While you’re getting your shoes, ask them about a pair of running shorts and some socks. You don’t need anything expensive, but your cutoff jeans and cotton socks won’t do it.
Don’t forget to warmup before you start running. If you go from 0 to 60 on cold muscles, you’ll risk a pulled muscle or worse. A few minutes of dynamic stretching followed by a few minutes of easy walking or jogging is all you need at this stage. Later on, if you get into harder workouts, you’ll want to do longer warmups, but for now, keep it simple.

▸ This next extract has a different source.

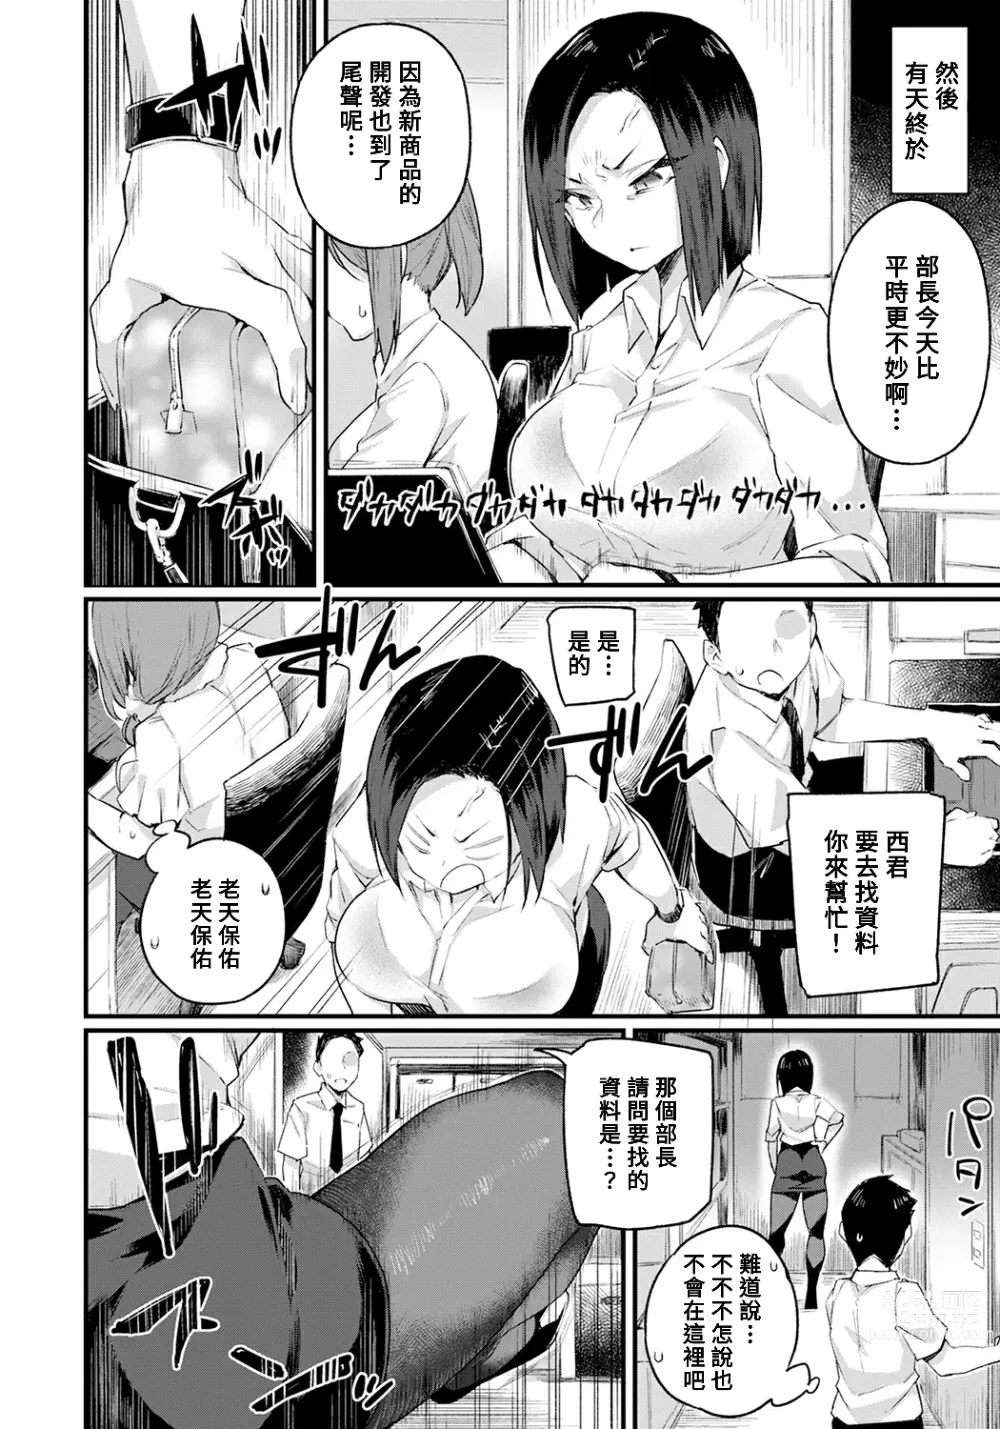 Page 8 of manga Kowamote Joushi wa Baburitai

Avoid static stretching though. At least until your muscles are warmed up. Current thinking is that static stretching cold muscles is more likely to cause injury than no stretching at all.
Don’t Forget to Rest
Your rest days should be sacred. That’s when your body repairs itself from all the damage you do when you workout. If you run three or four days a week, make sure the other days of the week don’t involve any heavy use of your legs. They need time to recover and build muscle.

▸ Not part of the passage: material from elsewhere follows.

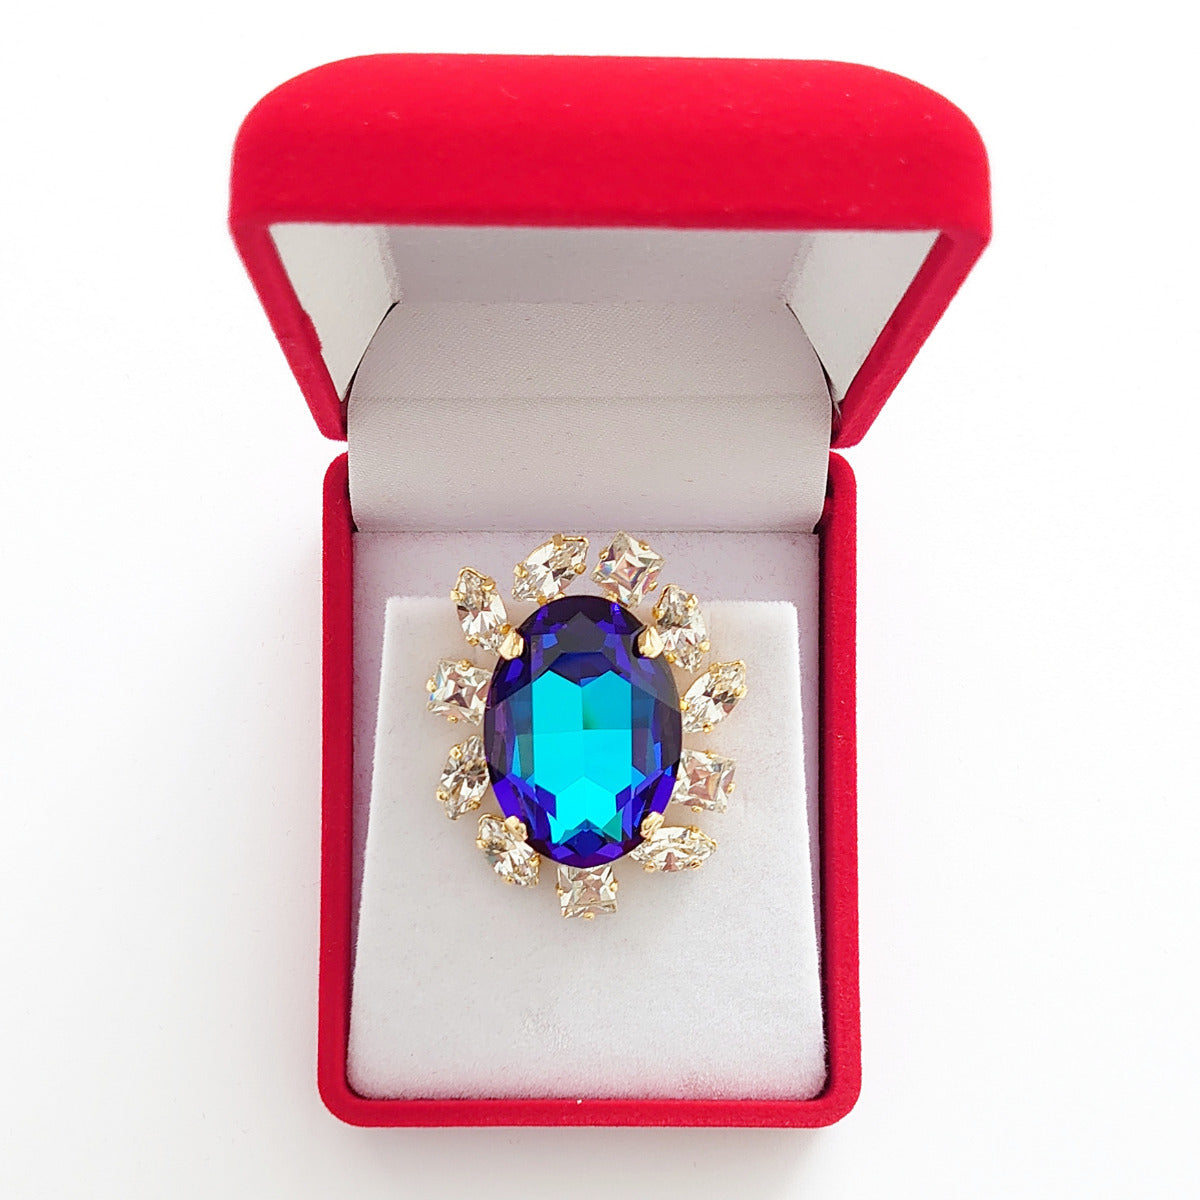 Crystal Dream Lapel Brooch - Royal Blue - Swarovski Crystals

Some experienced runners like to run every day. That’s not a good strategy for a beginner. Your body has to get used to running before you start putting it though that kind of strain. Even those who run every day have rest days. They rest by doing super easy runs compared to their other runs. Most also will take long breaks after each training cycle to give their bodies a chance to heal. Don’t let yourself be drawn into that type of running until you’re ready for it.

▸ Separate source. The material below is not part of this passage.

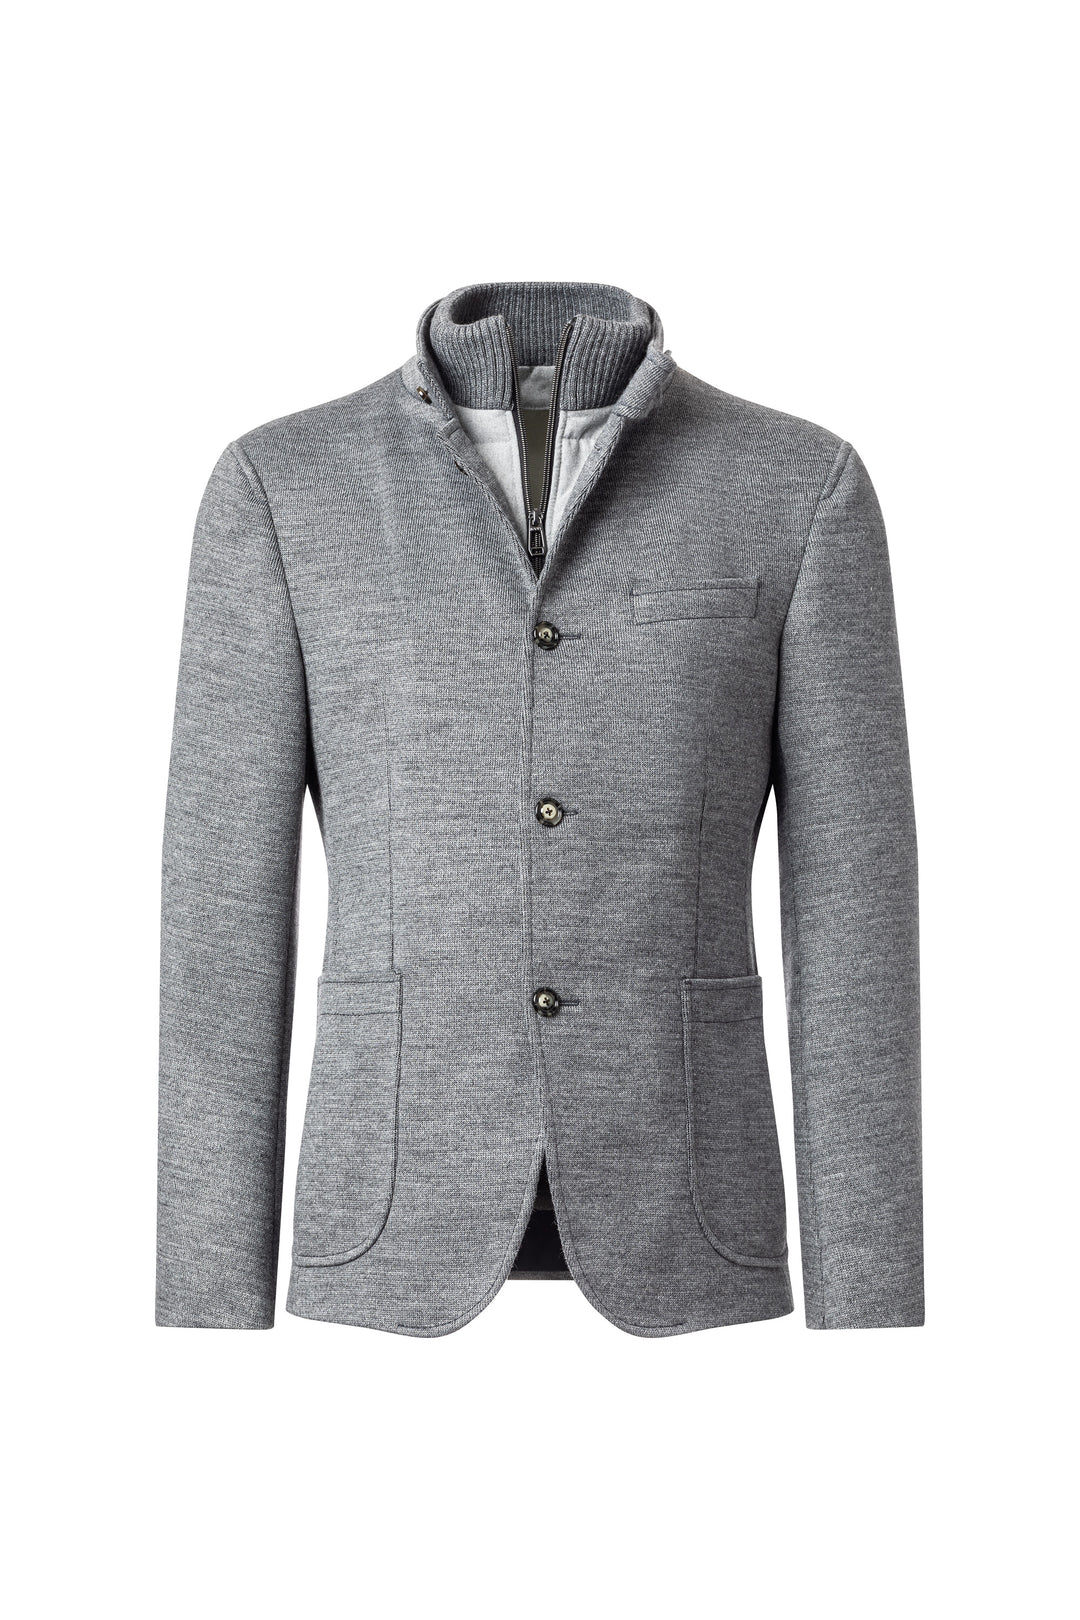 Hectar-J Knit Field Coat in Grey

Increasing your speed or distance is not easy. It takes a long time to build from three miles to twenty-six. You should only be doing one long run per week, and you shouldn’t increase that run by more than a mile each week. The best strategy is to increase by a mile per week for a couple of weeks, then take a week off by dropping back a couple of miles before increasing again. It’s a form of rest, and your body will appreciate it.
Similar with speed, you shouldn’t go from a fifteen minute-per-mile pace to a ten minute-per-mile pace in one week. Go a little faster during your weekday runs, then slow down again for your long run. Then the next week you can try taking a few more seconds off your pace. Trying to go too fast too soon will likely result in injury, which will set you back, and possibly discourage you from continuing.
Running is a great past time, and popular among people of all ages and backgrounds. If you’re just getting started, ease into it and you’ll find it to be a rewarding activity. And remember, we were all beginners once. Don’t be afraid to ask for help if you need it.